И он продолжал жестоко бранить его. Тогда Нур, находившийся в состоянии полнейшего опьянения, не зная сам, что делает, поднял руку и залепил отцу своему, купцу Короне, удар кулаком, который попал ему по правому глазу, с такою силою, что свалил его с ног. И старик Корона, возмущенный до последней степени возмущения, поклялся разводом, трижды произнесенным на следующий же день, выгнать из дому сына своего Нура, предварительно отрубив ему правую руку. Затем он вышел из комнаты.

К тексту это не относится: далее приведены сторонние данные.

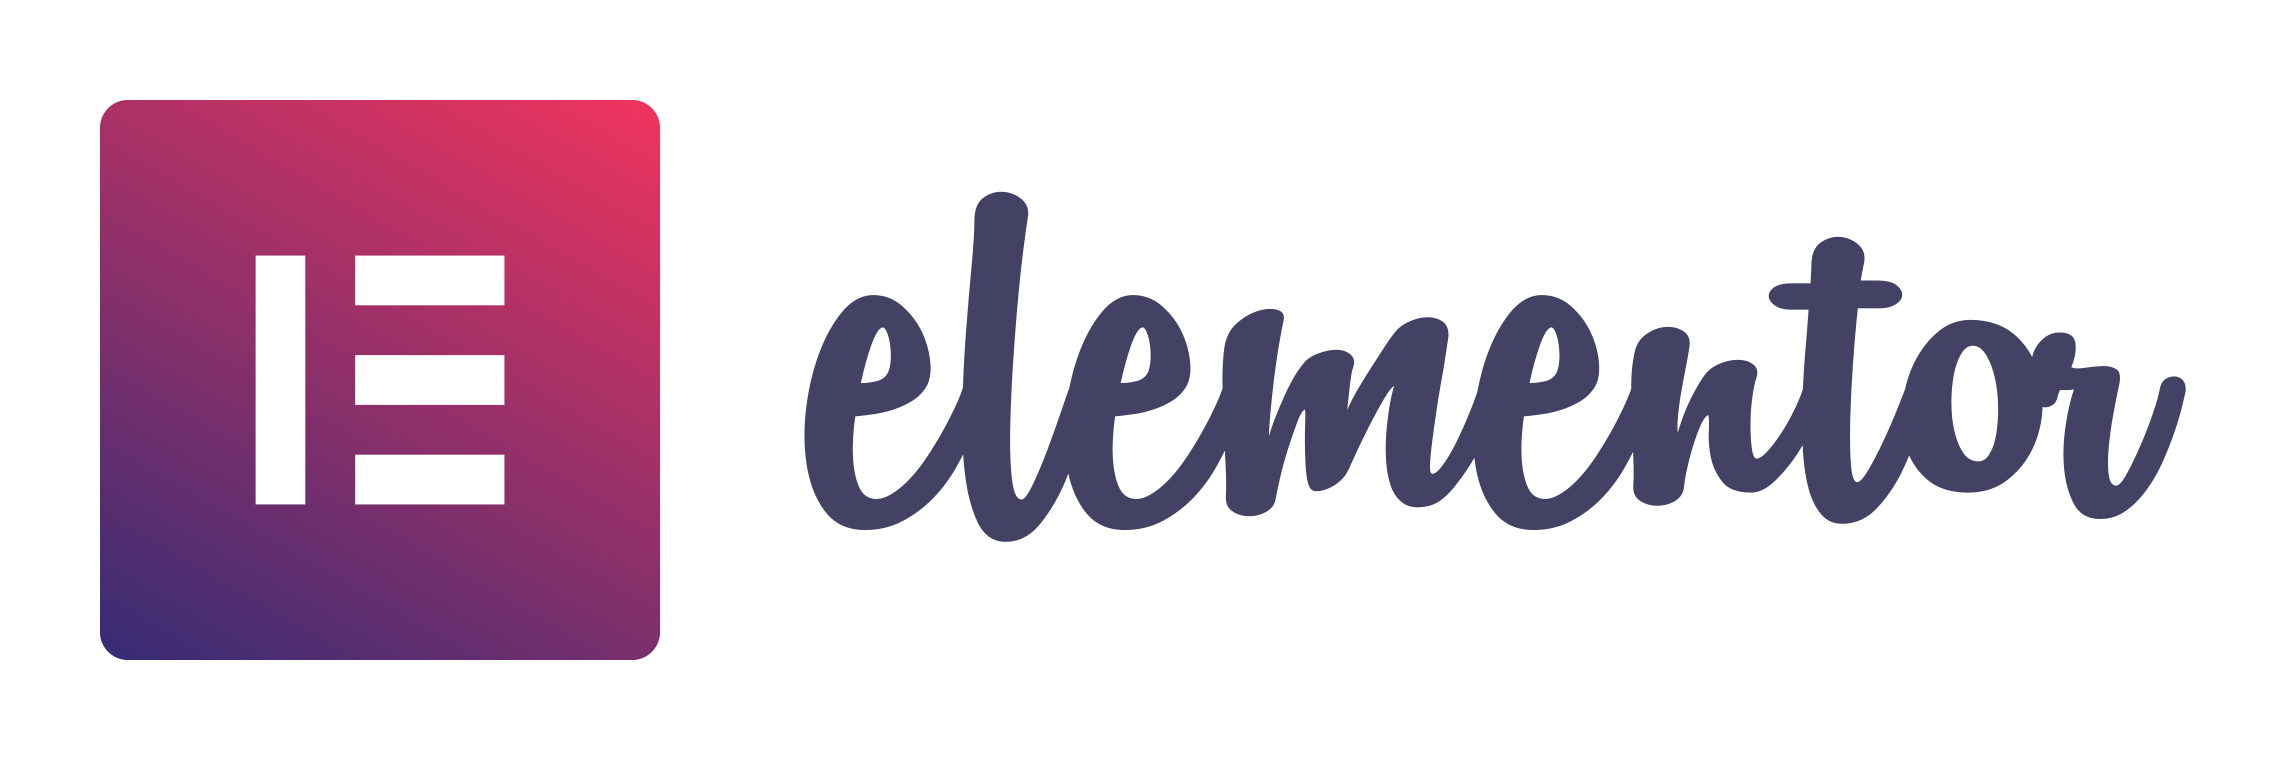 elementor_logo_gradient

Когда мать Нура услышала эту грозную клятву, против которой бессильны были все мольбы, раскаяния и заклинания, она разодрала одежды свои от отчаяния и всю ночь провела в причитаниях и слезах у постели сына своего, погруженного в опьянение. Но так как дело было спешное, ей удалось наконец, заставив его хорошенько пропотеть и облегчиться вволю, рассеять винные пары. И так как он не помнил ничего из всего происшедшего, она сообщила ему о совершенном им проступке и о страшной клятве отца его. Затем она сказала ему:
— Увы нам! Сожаления теперь уже бесплодны! И единственное, что тебе остается сделать в ожидании, когда судьба изменит положение вещей, — это как можно скорее, о Нур, покинуть дом отца твоего. Уезжай, сын мой, в город Аль-Искандарию; вот тебе кошелек с тысячей золотых динаров и еще сто динаров. Когда деньги у тебя выйдут, через кого-нибудь попросишь у меня еще, не забыв при этом сообщить что-нибудь о себе.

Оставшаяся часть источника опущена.